Housing affordability made worse
The permit could raise the cost of building a single-family home by $26,300 by requiring added stormwater infrastructure for each unit. Newly required “Water Quality Management Plans” for public- and private-sector projects will add to total costs.
Public safety and services at risk
“The huge financial demands of the proposed permit will force cities to make an impossible choice: pay to comply with permit or fund police, fire, roads, parks and other vital services on which residents rely, especially those in DACs,” according to the county.
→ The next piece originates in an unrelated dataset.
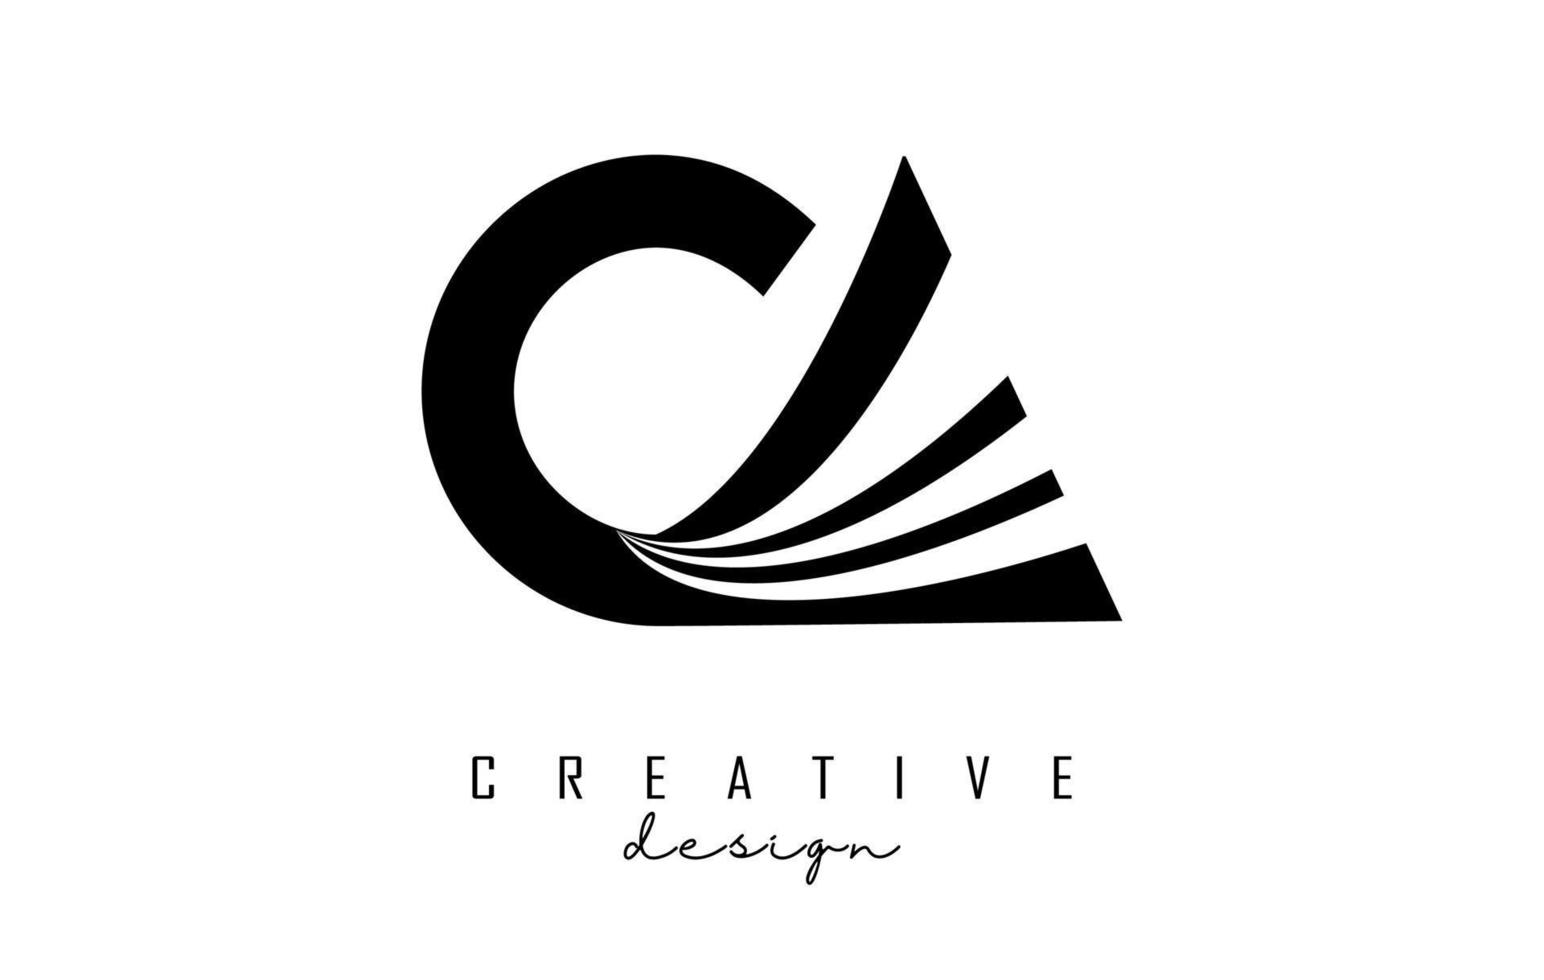 lettere nere creative ca ca logo con linee guida e concept design stradale. lettere con disegno geometrico. vettore

Unproven and unattainable standards
The permit’s proposed numeric limits on bacteria are widely regarded as unachievable, officials said. Studies show that 77% of Santa Ana River bacteria comes from uncontrollable natural sources like wildlife and sediment that no amount of infrastructure spending can eliminate. Los Angeles has shown the standards are unreachable, proving that the Regional Board is demanding San Bernardino County and 16 cities spend billions chasing an unattainable standard.
Infrastructure and transportation obstacles
New development thresholds will impose water quality requirements on public infrastructure projects, delaying transportation upgrades and adding millions of dollars in cost obligations to projects already funded with limited budgets, according to the county.
The Beacon report is on the internet via bit.ly/4vzgHnQ.